The Court must construe the amended Prisoner Complaint liberally because Mr. Frazier is not represented by an attorney. See Haines v. Kerner, 404 U.S. 519, 520-21 (1972); Hall v. Bellmon, 935 F.2d 1106, 1110 (10th Cir. 1991). If the amended Prisoner Complaint reasonably can be read "to state a valid claim on which the plaintiff could prevail, [the Court] should do so despite the plaintiff's failure to cite proper legal authority, his confusion of various legal theories, his poor syntax and sentence construction, or his unfamiliarity with pleading requirements." Hall, 935 F.2d at 1110. However, the Court should not be an advocate for a pro se litigant. See id.

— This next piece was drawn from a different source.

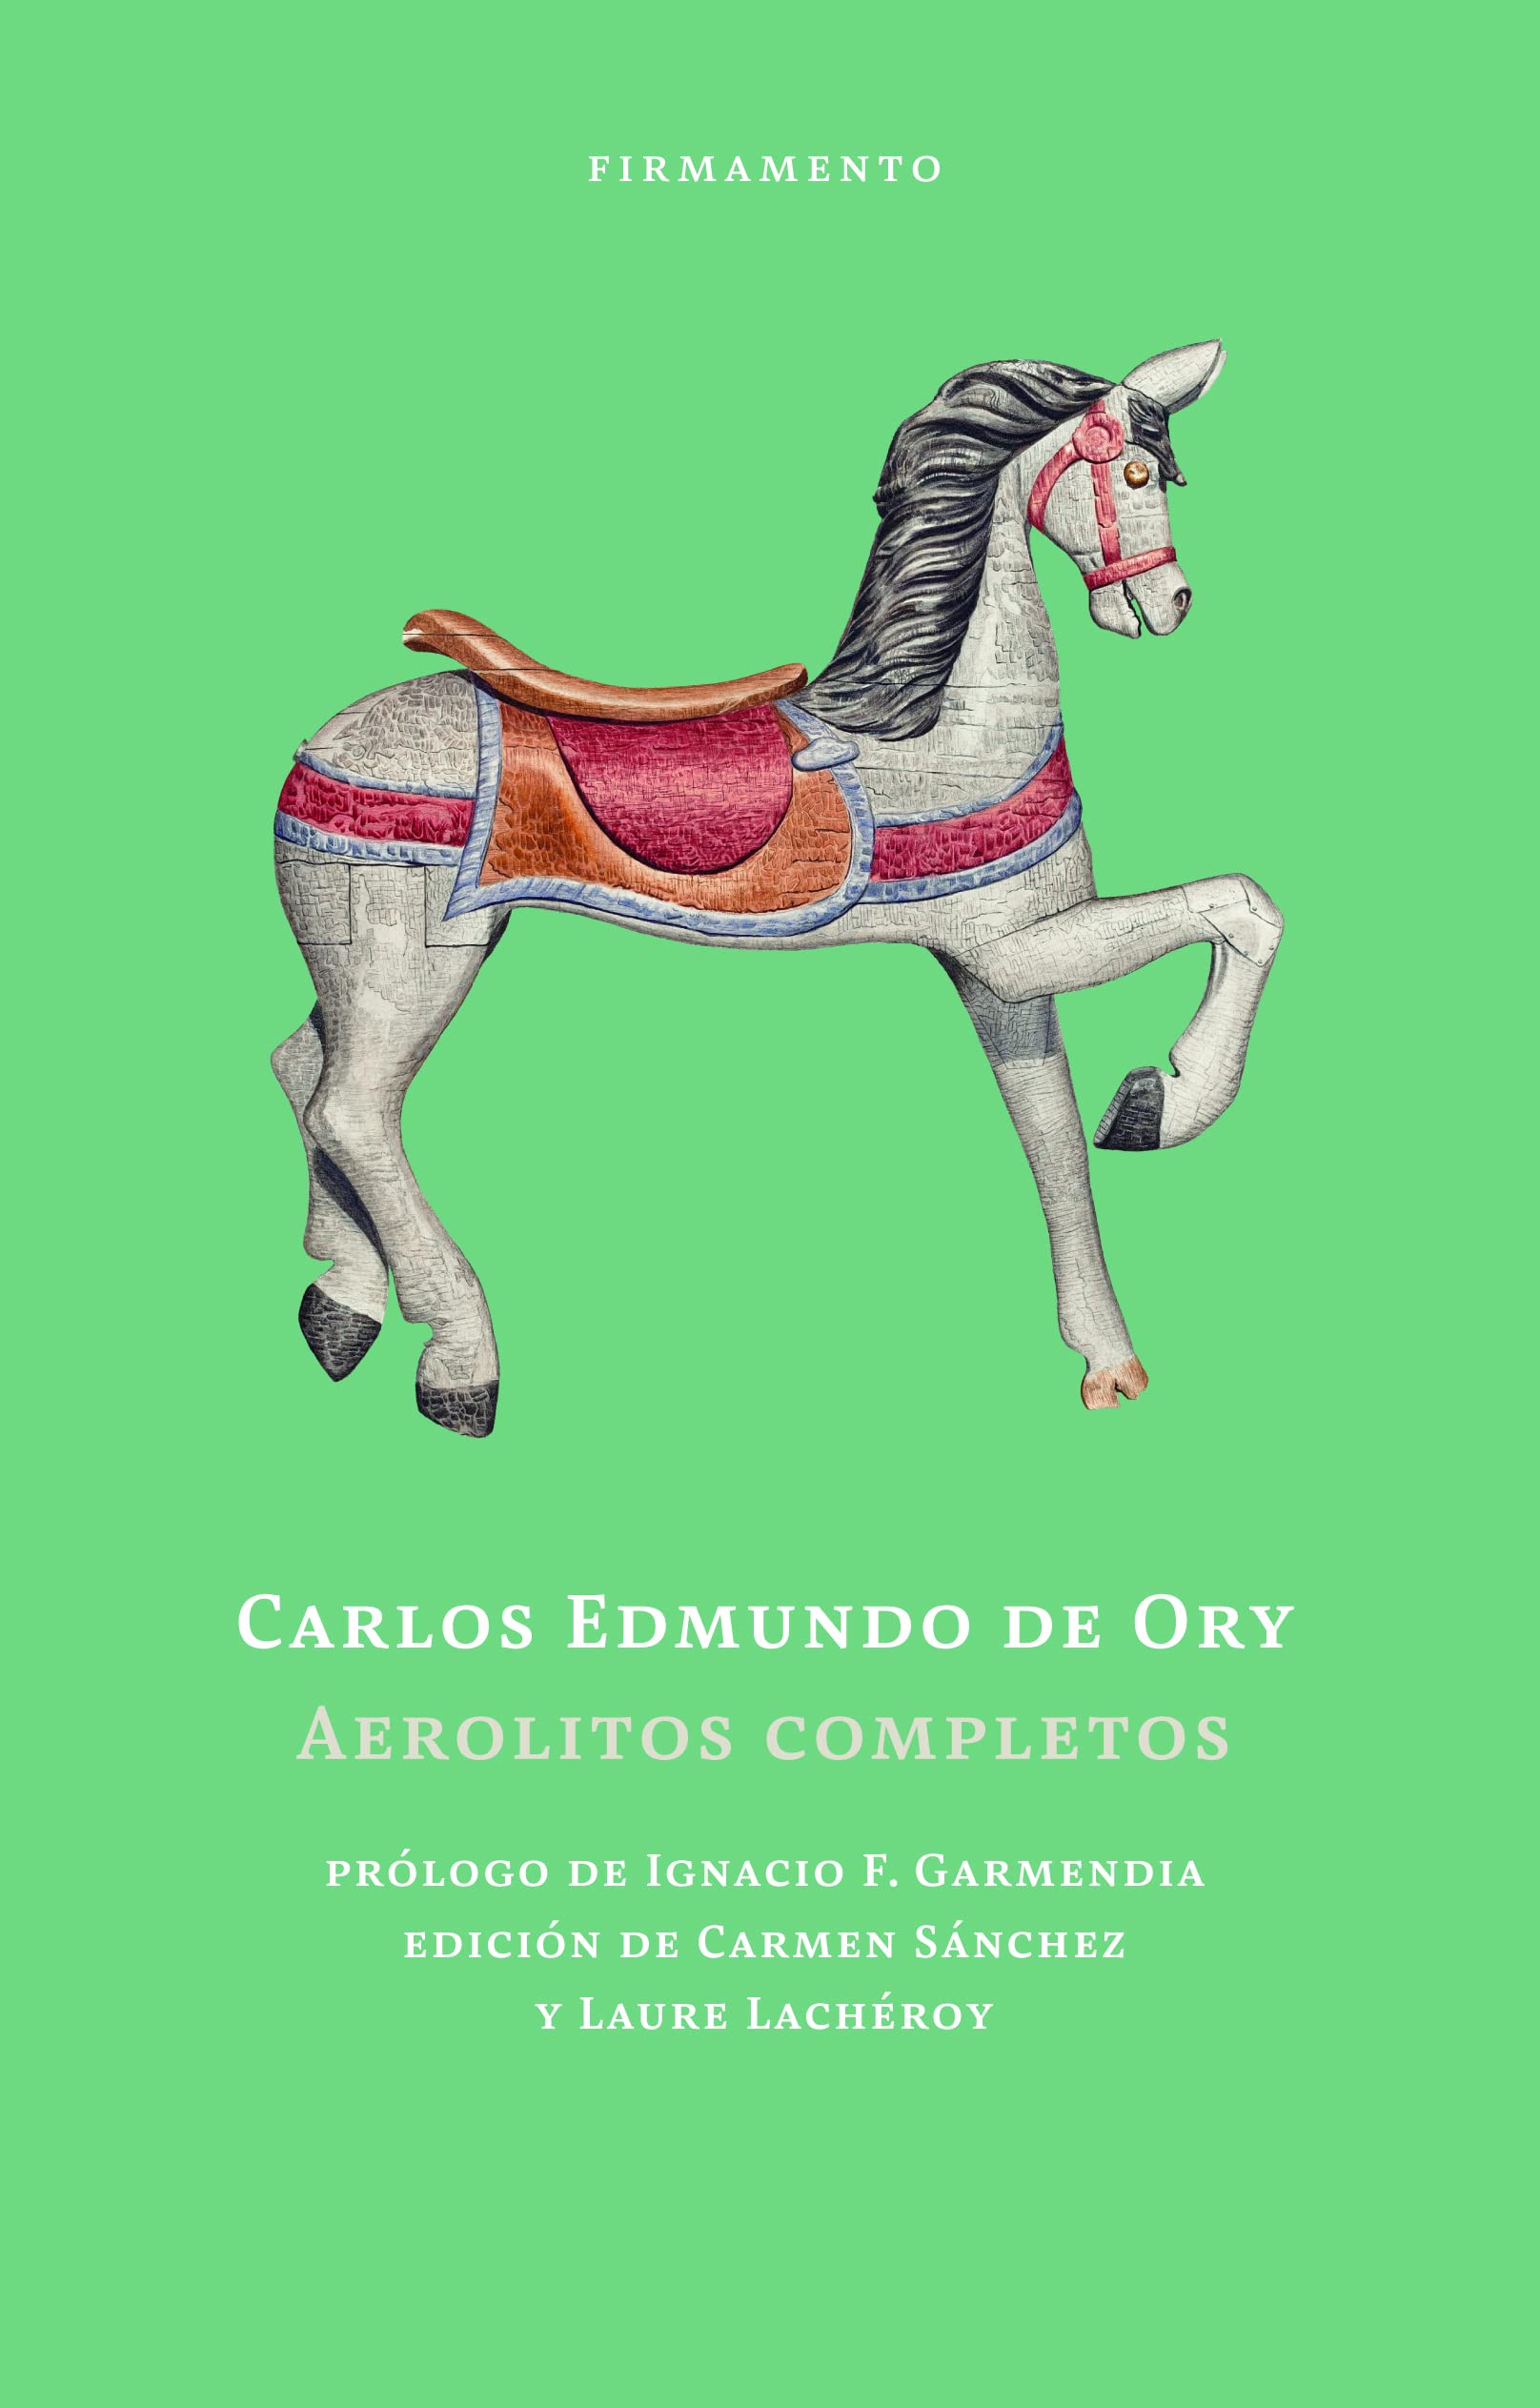 30 aerolitos de Carlos Edmundo de Ory

Pursuant to 28 U.S.C. § 1915A, the Court must review Mr. Frazier's claims in the amended Prisoner Complaint because he is a prisoner and he is seeking redress from officers or employees of a governmental entity. Section 1915A(b) requires dismissal of the amended Prisoner Complaint, or any portion of the amended Prisoner Complaint, that is frivolous. A legally frivolous claim is one in which the plaintiff asserts the violation of a legal interest that clearly does not exist or asserts facts that do not support an arguable claim. See Neitzke v. Williams, 490 U.S. 319, 324 (1989). For the reasons stated below, the Court will dismiss the amended Prisoner Complaint in part as legally frivolous pursuant to § 1915A(b).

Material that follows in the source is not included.